Erected in 1794, the building, also known as the Transfiguration Cathedral, became the main church in Novorossiya, the name the Russian Empire gave to the lands along the Black Sea and Crimea, which are part of present-day Ukraine. It was destroyed during a Soviet campaign against religion in 1936 and was not rebuilt until after the fall of the Soviet Union.

In 2010, Patriarch Kirill, the leader of the Russian Orthodox Church, dedicated the newly rebuilt cathedral, a sign of the close ties between the church and Moscow. Twelve years later, after Moscow launched its full-scale invasion of Ukraine, Kirill “blessed” the war effort, saying the sins of the Russians fighting in Ukraine would be “washed away.”

There was no immediate response from the Patriarch or the Kremlin to the damage to the cathedral on Sunday.

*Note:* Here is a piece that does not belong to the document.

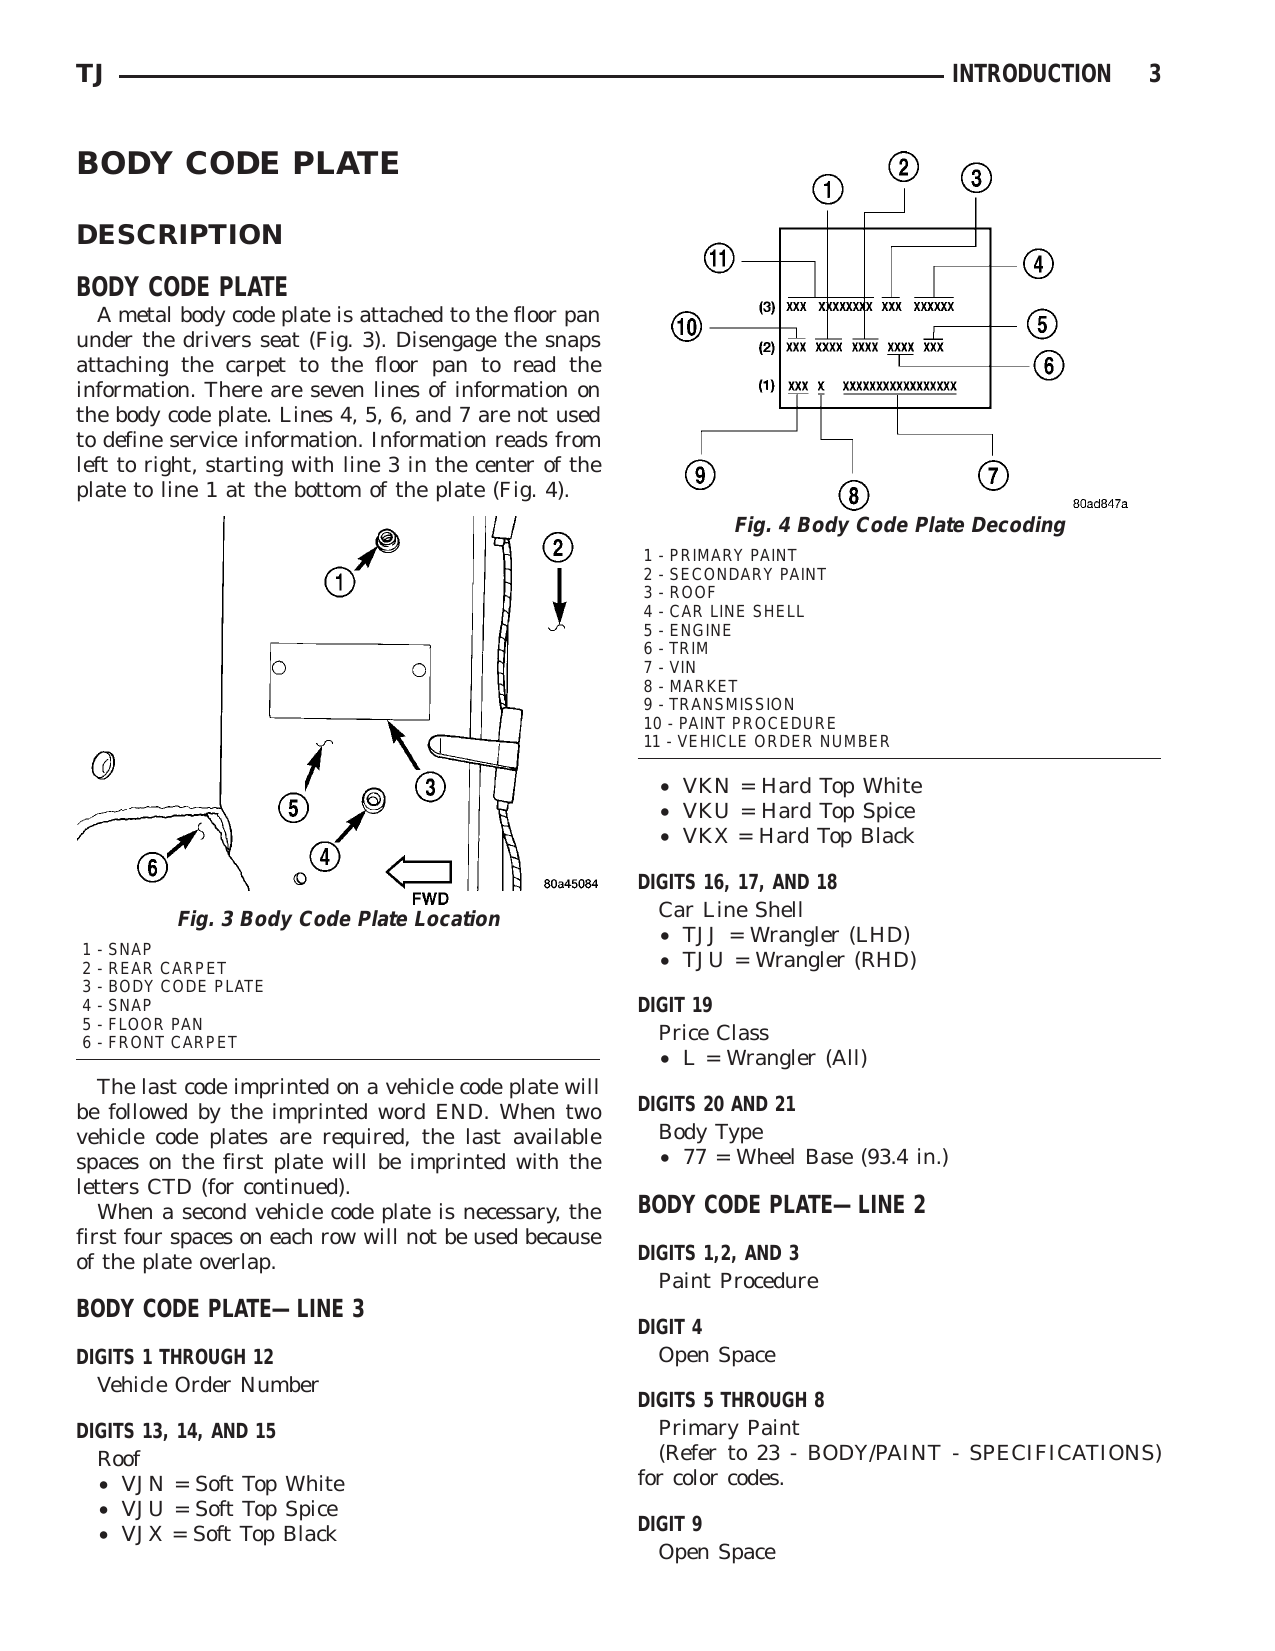 2003 Jeep Wrangler shop manual Preview image 4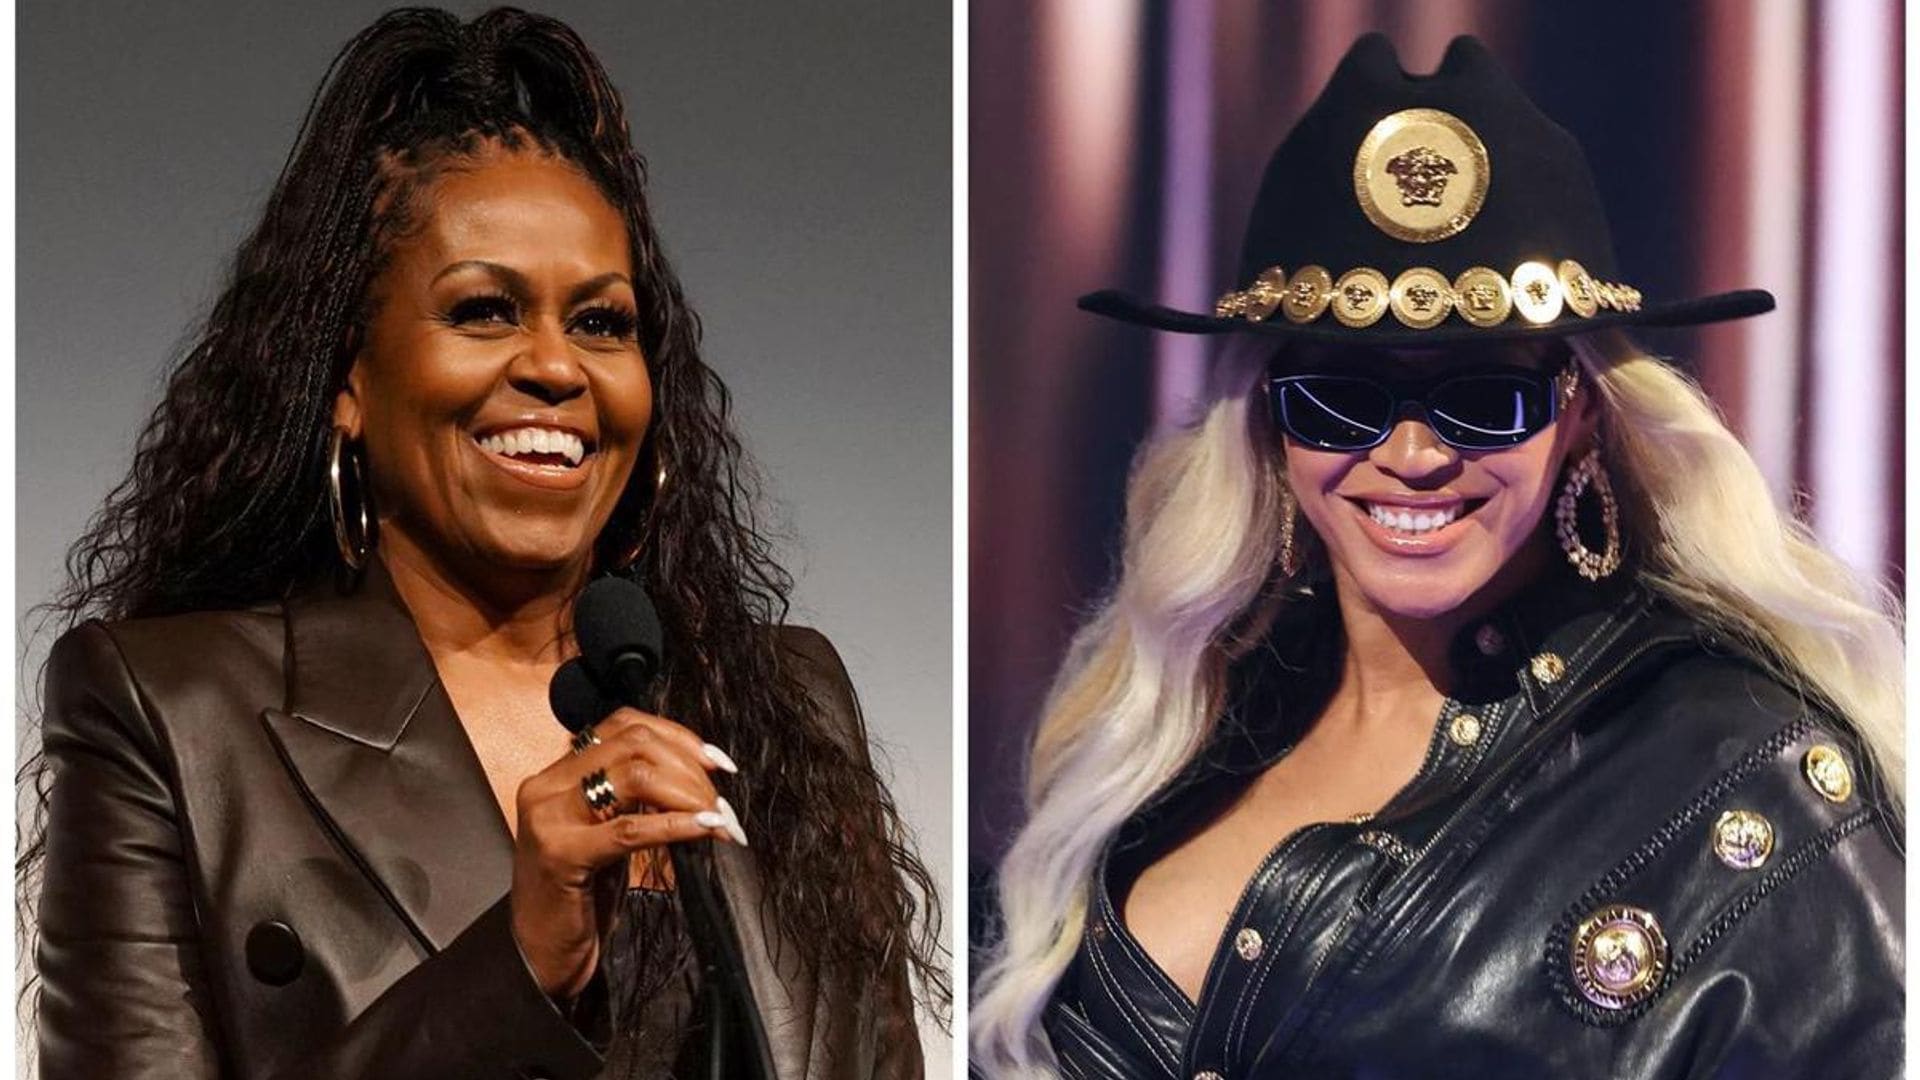 Michelle Obama endorses Beyoncé’s ‘Cowboy Carter’ after backlash

Russia’s defense ministry said it attacked military infrastructure in Odessa and blamed the damage to the cathedral on “actions” by Ukrainian air defense teams.

On Saturday, Mr Zelensky warned of the dire consequences of Russian actions in the Black Sea.

“Any destabilization in this region and the disruption of our export routes will mean problems with associated consequences for everyone in the world,” he said in his nocturnal address. Food prices could rise, he said.

The grain deal, struck between the United Nations and Turkey about a year ago, helped stabilize food prices around the world. But now Russia’s withdrawal from the deal could again threaten food security in several countries already reeling from multiple crises, especially in the Horn of Africa.

Mr Zelensky is calling for more help from the North Atlantic Treaty Organization. After meeting on Saturday with the alliance’s secretary general Jens Stoltenberg, Mr Zelensky said the Ukraine-NATO Council, a new body that hopes to deepen the alliance between Ukraine and its allies, will soon hold a meeting on the situation in Odessa and the Black Sea.

Also on Sunday, President Vladimir V. Putin of Russia met with President Aleksandr G. Lukashenko of Belarus in St. Petersburg, the Belarusian state news agency reported. It was one of the first public meetings between the two leaders since Lukashenko negotiated an end to the brief mutiny of the Russian mercenary group Wagner last month. The two allies would discuss security, bilateral relations and other issues, the news agency reported.